First, Chumbley noted, drug coverage is generally extremely limited. I checked out drug coverage in short-term plans available via eHealth in Dallas. Three out of four carriers offer no drug coverage. A third, United Health, caps drug coverage at $2,500 for 12-month plans with a $7,500 deductible, or $5,000 for plans with a $15,000 deductible; some longer term plans cover only physician-administered drugs. Coverage for non-generic drugs generally only kicks in after the deductible. Cancer drugs can run to hundreds of thousands of dollars.

Second, Chumbley suggested that when cancer treatment is sought, a short-term plan will look closely for evidence that the disease pre-existed coverage. Even if the insurer does ultimately grant coverage, they may hold up payment — and so, treatment — while they investigate.

As to the complaints about ACA-compliant coverage, Chumbley acknowledged again that networks can be very narrow but noted that for emergency care at least, the No Surprises Act has mitigated the harm, as emergency treatment (through stabilization) is no longer subject to balance billing. (Prior to the ACA, much of Texas was ground zero for rampant balance billing in emergency care.) But there’s no denying that major hospital systems are out of network in many, many ACA-compliant plans.

Regulating a grayish market

Regulating short-term plans more tightly — say, by subjecting them to the ACA’s MLR rule requiring that 80% of premium revenue be spent on medical care — is something of a Catch-22. Make the plans too good, and they will suck healthy people out of the ACA-compliant risk pool. Leave them barely regulated — free to spend, say, 45% of premium dollars on medical care — and people will get burned, deceived in many cases by predatory brokers.

More than one commenting broker who opposed restoring the three-month term limit expressed support for the bulked-up disclosure the proposed rule would mandate. The disclosure as currently drafted details the limitations of STLD plans and the availability of marketplace coverage:

IMPORTANT: This is short-term, limited-duration insurance. This is temporary insurance. It isn’t comprehensive health insurance. Review your policy carefully to make sure you understand what is covered and any limitations on coverage.

This insurance might not cover or might limit coverage for:

  • preexisting conditions; or

  • essential health benefits (such as pediatric, hospital, emergency, maternity, mental health, and substance use services, prescription drugs, or preventive care).

  • You won’t qualify for Federal financial help to pay for premiums or out-of-pocket costs.

  • You aren’t protected from surprise medical bills.

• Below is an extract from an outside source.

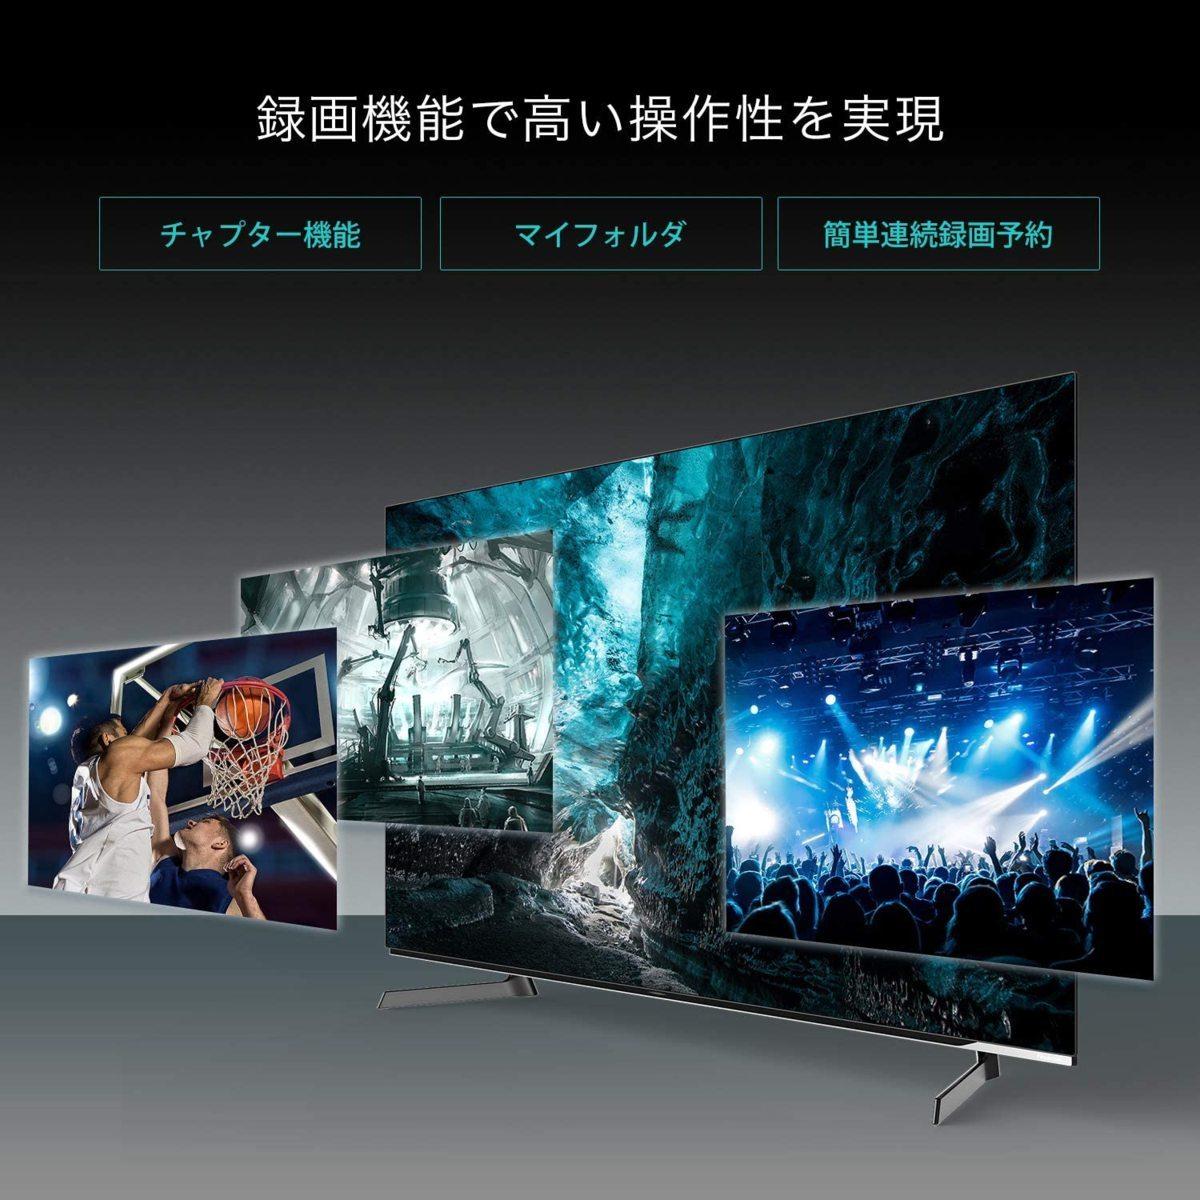 ハイセンス 55V型 4Kチューナー内蔵 有機ELテレビ 55X8F 無線LAN/Eilex PRISM/DOLBY AUDIO/YouTube/Amazonプライム/Netflix 2021/1~3年保証_画像5

  • When this policy ends, you might have to wait until an open enrollment period to get comprehensive health insurance.

  • Visit HealthCare.gov online or call 1-800-318-2596 (TTY: 1-855-889-4325) to review your options for comprehensive health insurance. If you’re eligible for coverage through your employer or a family member’s employer, contact the employer for more information. Contact your State department of insurance if you have questions or complaints about this policy.

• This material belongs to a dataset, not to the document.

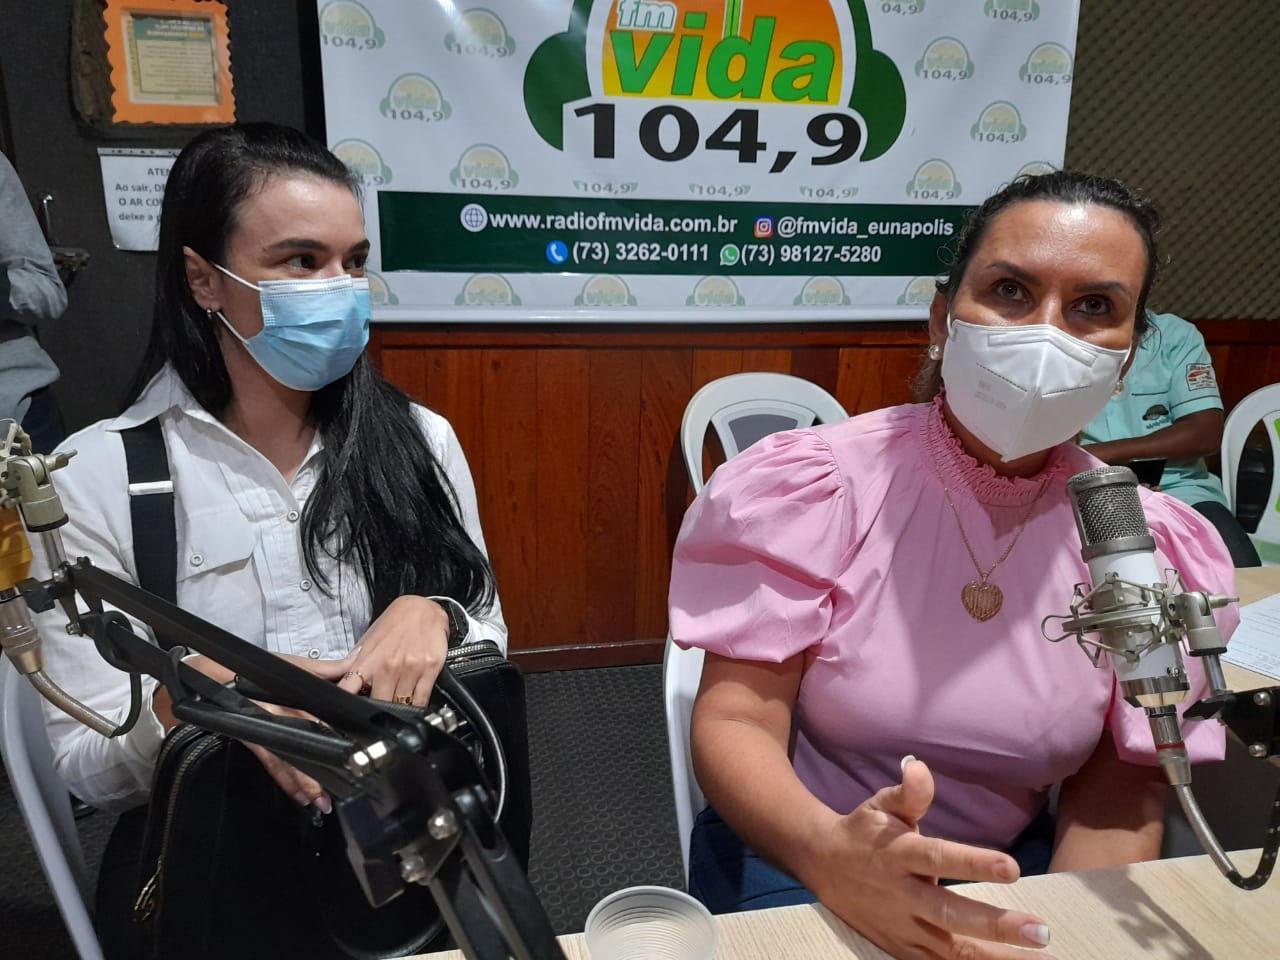 Prefeita Cordélia e secretária de saúde Anara Sartório em entrevista à Rádio FM Vida

As noted by Georgetown’s Sabrina Corlette in Health Affairs, “The tri-agencies [issuing the proposed rule] seek public feedback on ways to prevent or mitigate the potential that consumers will mistakenly purchase STLDI instead of comprehensive coverage during the annual open enrollment period.”

* * *

The alternative market would not be necessary in a healthcare system where good-enough insurance is not only available, but positively hard to avoid — for all. The ARPA boosts to ACA premium subsidies got us closer to that point, but by no means all the way there. And given the very possible sunsetting of the ARPA subsidy schedule in 2026 — with restoration of the income cap on subsidies at 400% FPL — the STLD market’s dysfunctional place in a dysfunctional system may swell again.